I am having trouble understanding the behaviour of the BinaryCrossentropy loss function in keras in the evaluate method in certain situations …

Here’s my minimal reproducer:

from tensorflow import keras
import numpy as np
loss_func = keras.losses.BinaryCrossentropy()
nn = keras.Sequential([
keras.layers.Dense(2**8, input_shape=(1,), activation='relu'),
keras.layers.Dense(2,activation='softmax')
])
nn.compile(loss=loss_func,optimizer='adam')
train_x = np.array([0.4]) # this is an arbitrary input
train_y = np.array([[1.,0.]])
train_q = nn.predict(train_x)
print("train_q = ",train_q)
print("Evaluated loss = ",nn.evaluate(train_x,train_y))
print("Function loss = ",loss_func(train_y,train_q).numpy())
print("Manual loss = ", -np.log(train_q[0,0]) )

Yielding the following output:

train_q = [[0.5108817 0.48911828]]
1/1 [==============================] - 0s 438ms/step - loss: 0.6823
Evaluated loss = 0.682330846786499
Function loss = 0.671617
Manual loss = 0.67161715

The function loss makes complete sense, it equals the loss value I calculate ‘manually’ (by hand). What doesn’t make sense is the loss calculated in the evaluate call. How did it get 0.68233 here?

Hi. Thanks for the suggestion.
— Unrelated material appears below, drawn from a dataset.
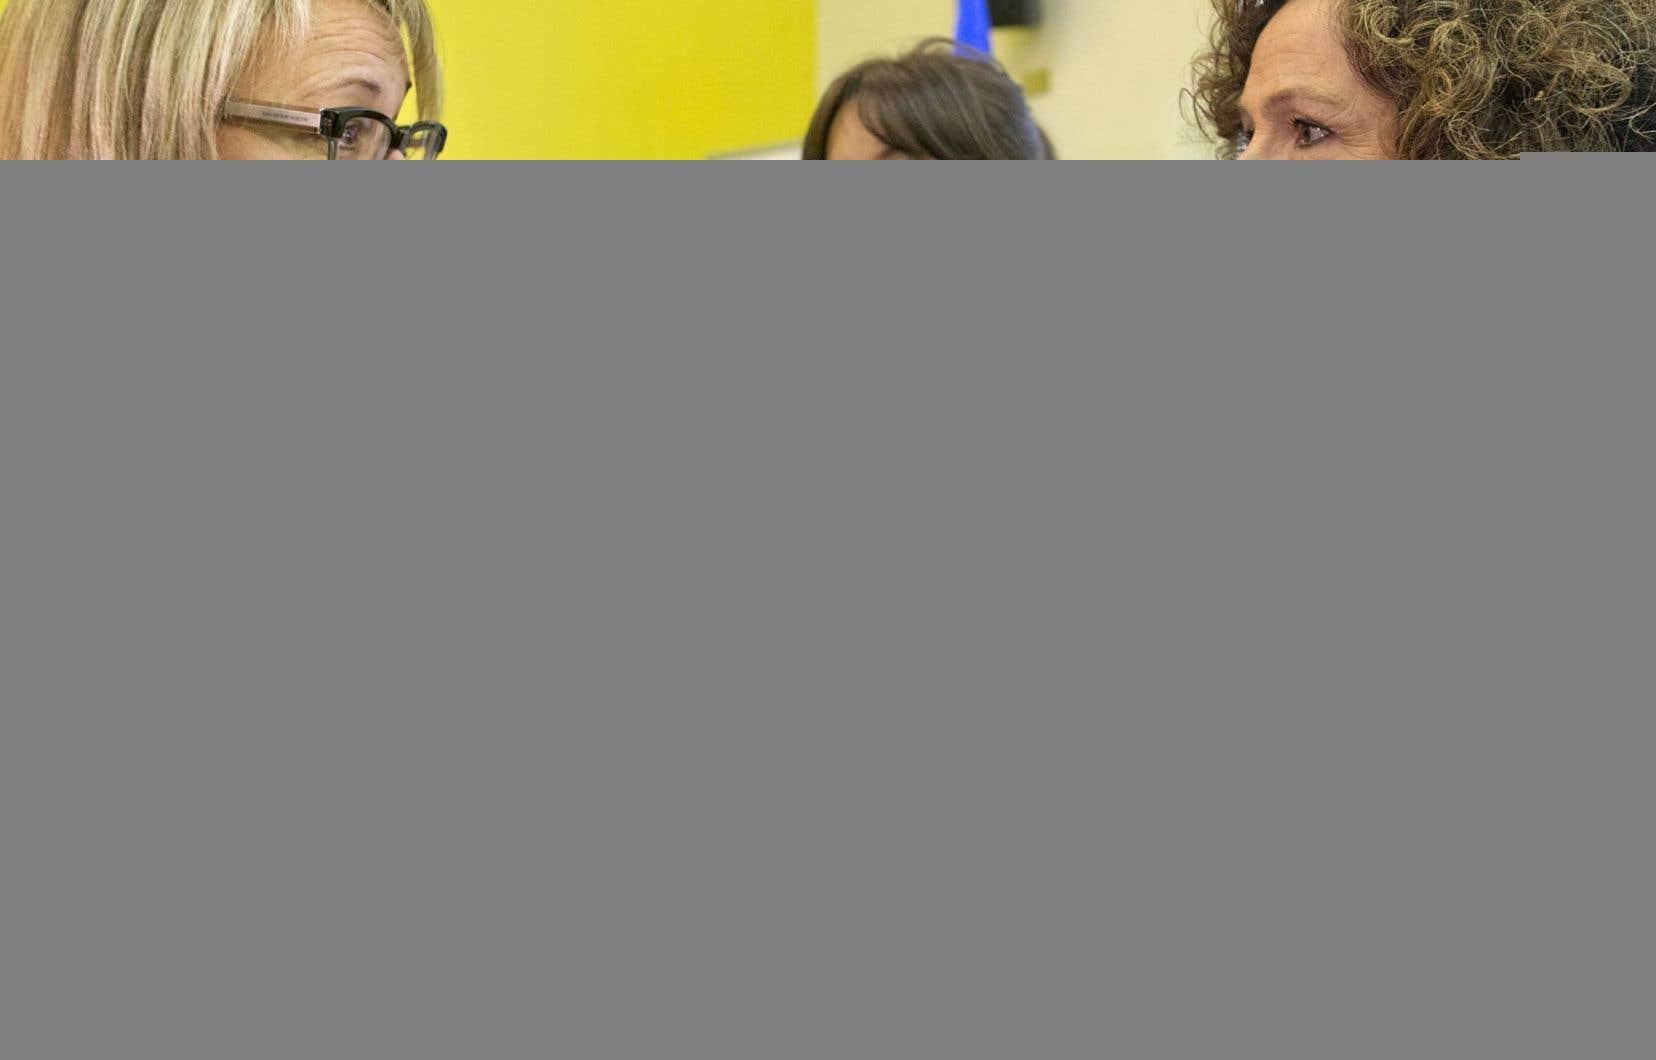 Les premières critiques sont venues de la journaliste indépendante Sue Montgomery (à droite), en conversation avec la ministre Lise Thériault (à gauche) et Sophie Chiasson, vendredi à Montréal.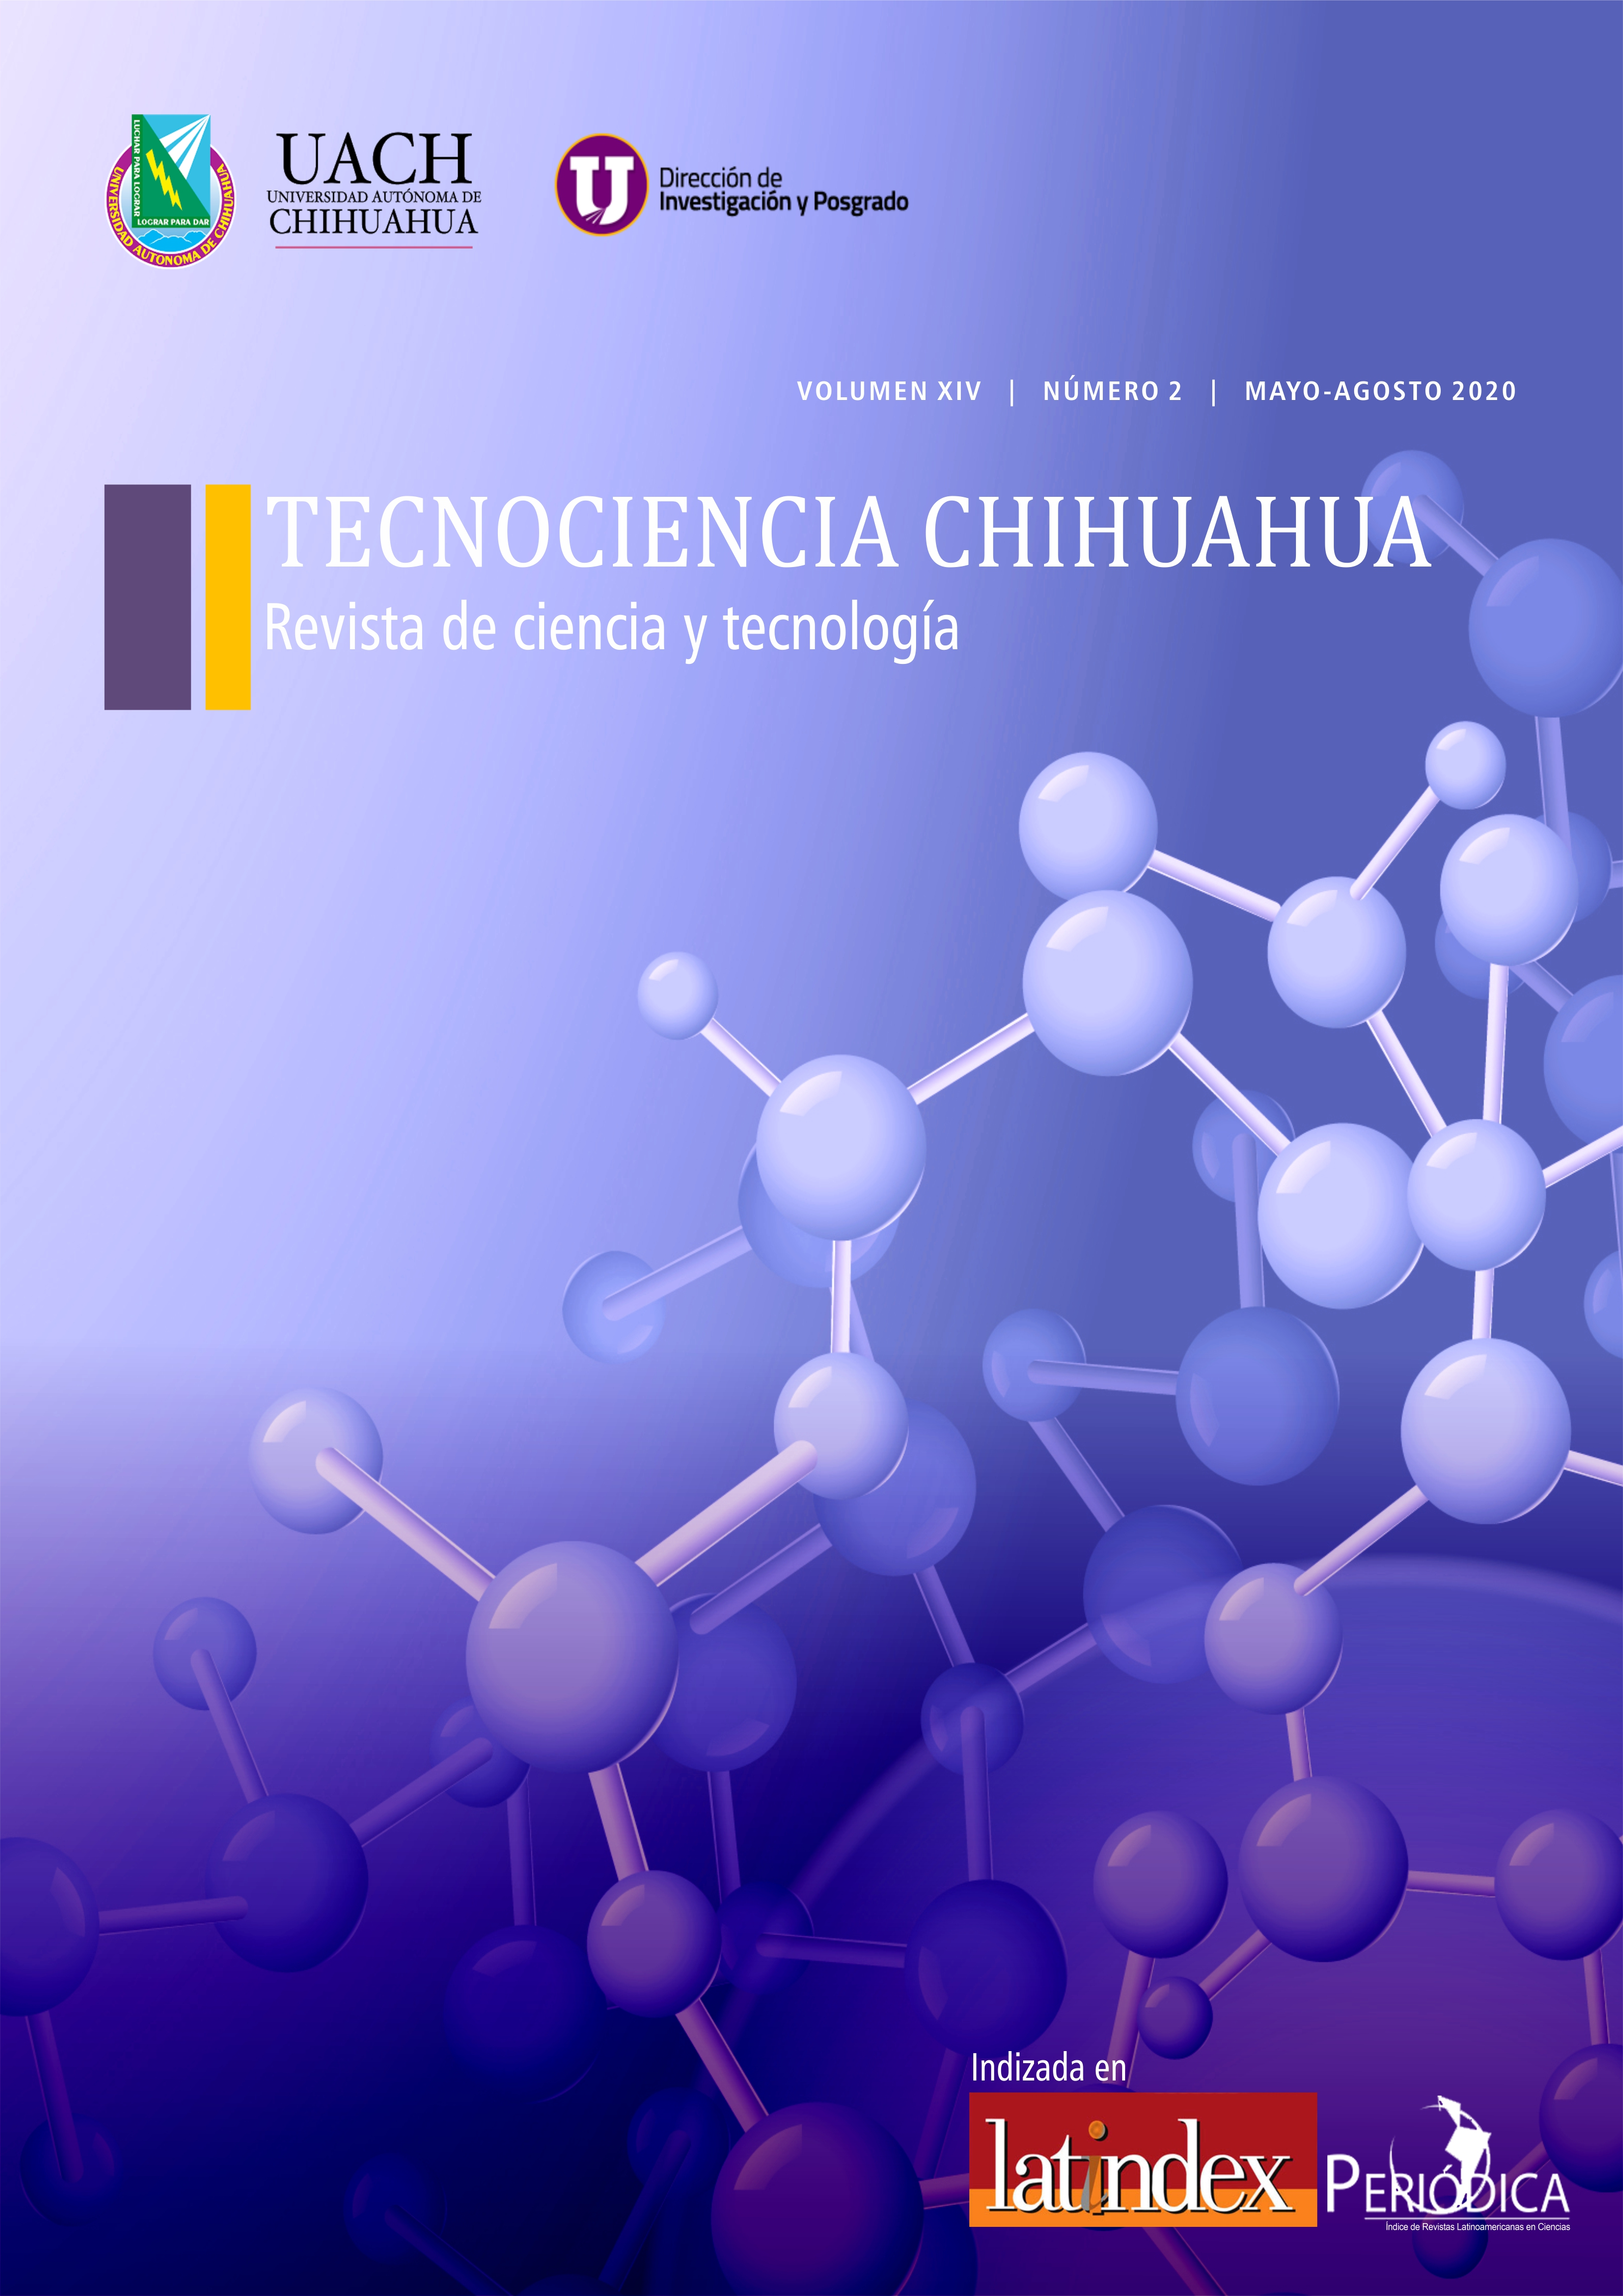 Portada de la revista TECNOCIENCIA CHIHUAHUA, Mayo, agosto 2020

I just tried it but both of those alternative yield the same output as nn.predict … so it still seems like nn.evaluate is doing something wrong here … it’s like there’s a bug in nn.evaluate ???

# Seed value
# Apparently you may use different seed values at each stage
seed_value= 0
# 1. Set the `PYTHONHASHSEED` environment variable at a fixed value
import os
os.environ['PYTHONHASHSEED']=str(seed_value)
# 2. Set the `python` built-in pseudo-random generator at a fixed value
import random
random.seed(seed_value)
# 3. Set the `numpy` pseudo-random generator at a fixed value
import numpy as np
np.random.seed(seed_value)
# 4. Set the `tensorflow` pseudo-random generator at a fixed value
import tensorflow as tf
from tensorflow import keras
loss_func = keras.losses.BinaryCrossentropy()
nn = keras.Sequential([
keras.layers.Dense(2**8, input_shape=(1,), activation='relu', kernel_initializer=keras.initializers.GlorotUniform(seed=1)),
keras.layers.Dense(2,activation='softmax', kernel_initializer=keras.initializers.GlorotUniform(seed=1))
])
nn.compile(loss=loss_func,optimizer='adam')
train_x = np.array([0.4]) # this is an arbitrary input
train_y = np.array([[1.,0.]])
train_q = nn.predict_step(train_x)
print("train_q = ",train_q)
print("Evaluated loss = ",nn.evaluate(train_x,train_y))
print("Function loss = ",loss_func(train_y,train_q).numpy())